The Maths Hubs people are good people and I sincerely wish them the very best of luck.
However, I am increasingly concerned of late that the profession seems utterly oblivious to the fact that we are sleepwalking into becoming unthinking drones. Rather than trusting the profession and those who know a great deal about teaching and learning in mathematics, the DfE, and particularly Nick Gibb, are determined to implement their own vision of mathematics education. Teachers seem beaten, seem tired or (so much worse) seem to capitulate because they think Nanny knows best.
And the result of this is that young teachers like our salesman are throwing the baby out with the bathwater (in fact, the entire bathroom is having a wrecking ball thrown through it). To hear this young teacher tell us that he has completely changed the Year 7 curriculum and approach to a mastery approach (whatever he thinks that is) is just heartbreaking. Playing God with children's lives. Children who have already been on a curriculum journey for six or seven years. And I worry that is it entirely because he is young - he can't see that no education reform has ever, or will ever, work. That there will be new ministers, new political administrations and, like everything else, the fashion will change. There is no long-term improvement. There is just whim. He can't see that in six months Nick Gibb will have a different job. He can't see that our current caretaker Secretary of State won't hold that post by the summer. Others will move in and they will bring their ideology to unpack and offload onto the profession. So what will he do then? What will happen to his Year 7 children? When the fashion and fads pivot yet again, those poor kids will face yet another hiatus in their learning. Rather than being on a carefully considered, well planned route through learning mathematics from beginning to end, they are continually thrown from one fancy to the next.
A new Secretary of State or Schools Minister (of any political persuasion) will want to make their mark, ensure their legacy, bag their place on the Board of their preferred education company. But they won't make any real difference. The Secretary of State for Education never does. Nobody will remember Nicky Morgan, no child's life will be improved. That is the sore truth of such transitory job positions. It is possible to count on one hand the education ministers who have made any real difference in the last 60 years.
Entire countries go in and out of fashion. At the moment, China is the darling, before that Singapore, before that Finland, before that Hungary, and on and on it goes.
Shanghai fits with Nick Gibb's beliefs, so it is convenient to use international league tables to highlight Shanghai as some kind of miracle. Truth is, it isn't. And it is not possible to simply pick the one or two things one likes about a system and then bolt them on to English education. Shanghai is one city in China, it has fundamental differences in so many important, interplaying influences on education.
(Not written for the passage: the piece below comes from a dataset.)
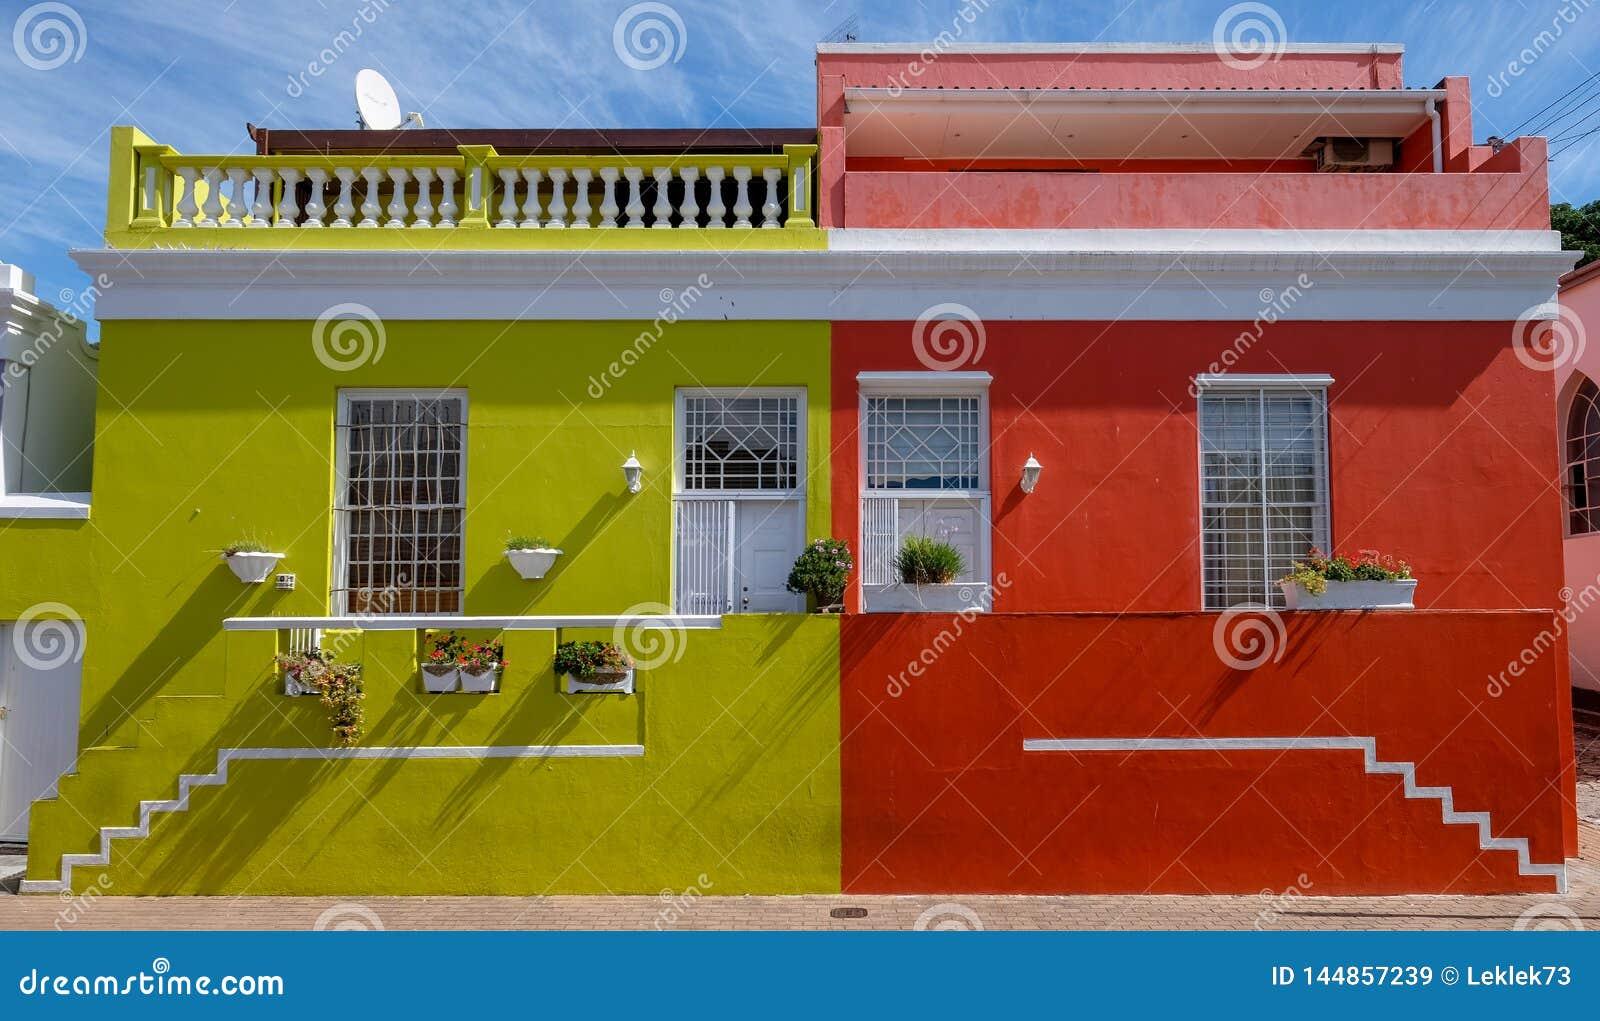 Gedetailleerde foto van huizen in het Maleisische Kwart, BO-Kaap, Cape Town, Zuid-Afrika, historisch gebied van helder geschilder

If Nick really wants the Shanghai success, it can only be through full scale adoption of the system. It cannot be ignored that China has one-party politics, or that culturally, education is one of the most highly regarded aspects of life, it cannot be ignored that primary teachers are all maths specialists (and nearly all maths grads), or that they only teach 2 or 3 lessons per day, it cannot be ignored that pupils invest huge amounts of time in independent study beyond the school day, it cannot be ignored that teachers are highly regarded in society or that teaching as a career is seen as something to be admired, it cannot be ignored that there is no inclusion and that the least able and most vulnerable children are missing from those oh-so adored international statistics.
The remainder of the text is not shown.